Unless you use your browser to read PDF files, you probably already have a PDF reader installed that comes with an IFilter plugin. Saying that, I don't think there is a PDF reader lighter than SumatraPDF these days - IFilter aside, I always recommend it to people after a PDF reader (unless they need to fill forms).
Exaskryz wrote: It appears that having a "locked" PDF crashes it. I didn't get any alerts in Adobe Reader that there was any security problem with it - but maybe it remembers my choice from when I first opened the file to OK it and it wouldn't nag me again with a message.

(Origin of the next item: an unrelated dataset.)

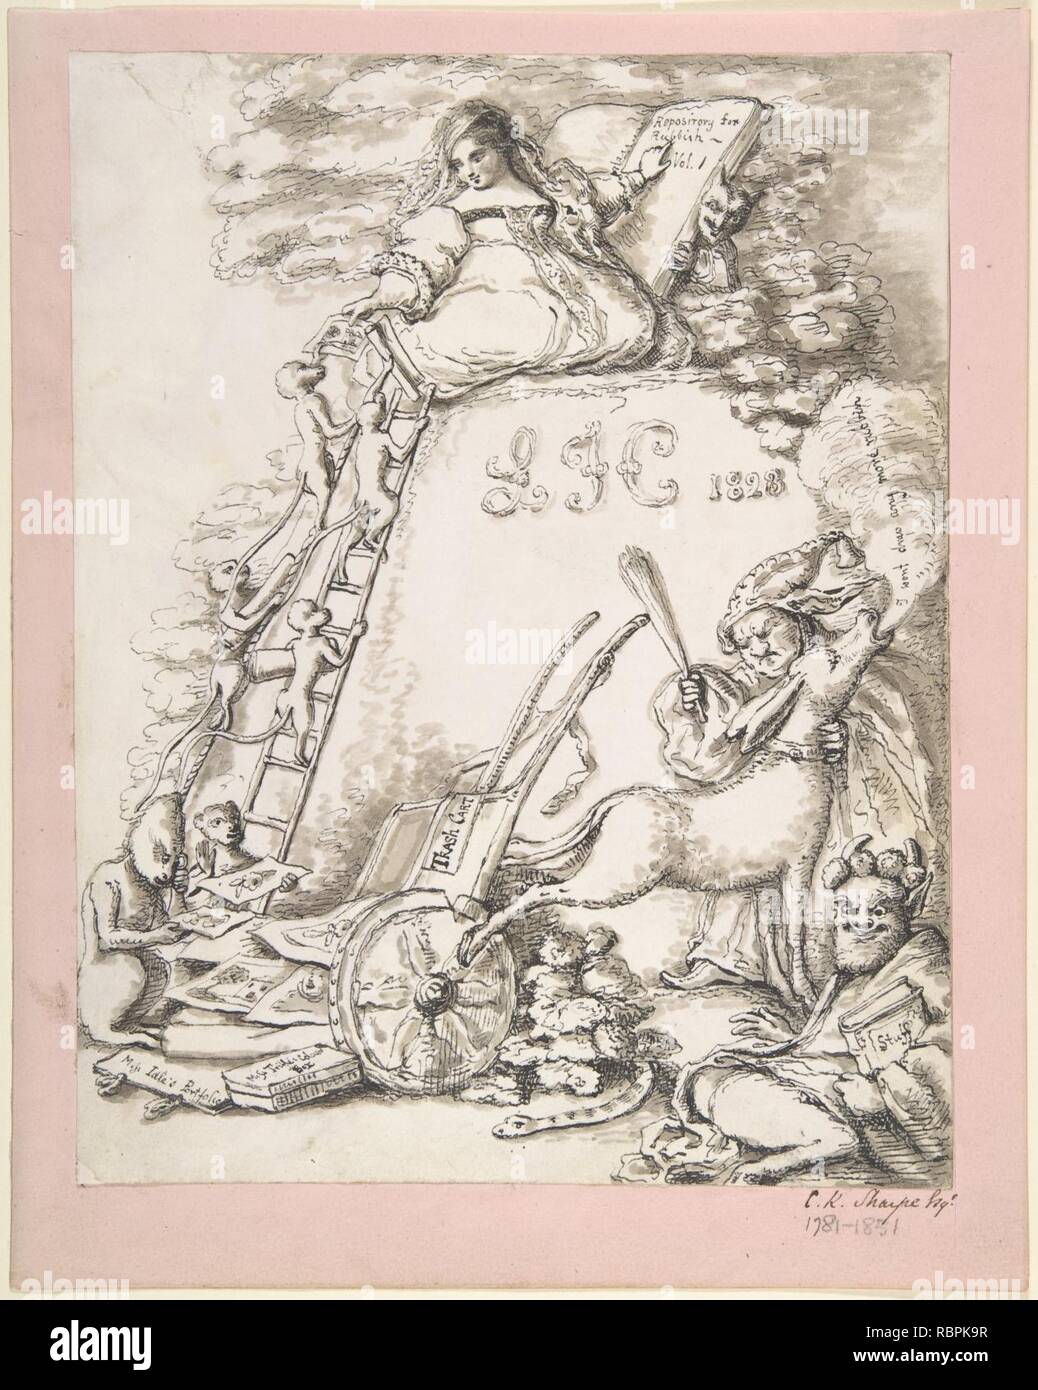 ‘Repository for Rubbish, vol. I, L.F.C 1828‘, Illustration for children's book Stock Photo

So I may have a way to fix any other PDFs that give me problems. The issue though is still to identify what PDFs might give me that problem.
Checking for blocked files can be done like this (the proper way probably lies in the IAttachmentExecute COM interface):

Code: Select all

FileRead, isBlocked, %pathToFile%:Zone.Identifier:$DATA
if (isBlocked)
	isBlocked := !InStr(isBlocked, "AppZoneId=4")
MsgBox % "File is " (isBlocked ? "blocked" : "not blocked")

; or, hell, just unblock the file from AHK right away:
; FileDelete, %pathToFile%:Zone.Identifier:$DATA
User avatar
Masonjar13
Posts: 1459
Joined: 20 Jul 2014, 10:16
GitHub: Masonjar13
Location: Не Россия

Re: How to search for a string in a .pdf or .docx's contents?

17 Apr 2016, 00:04

Exaskryz wrote:(I think it's 32 bit at least.)
The dll is 32-bit and won't run through 64-bit programs, so you're definitely on 32-bit. I'm on 64-bit by default, so I was drag-and-dropping it over both A32 and U32 for testing.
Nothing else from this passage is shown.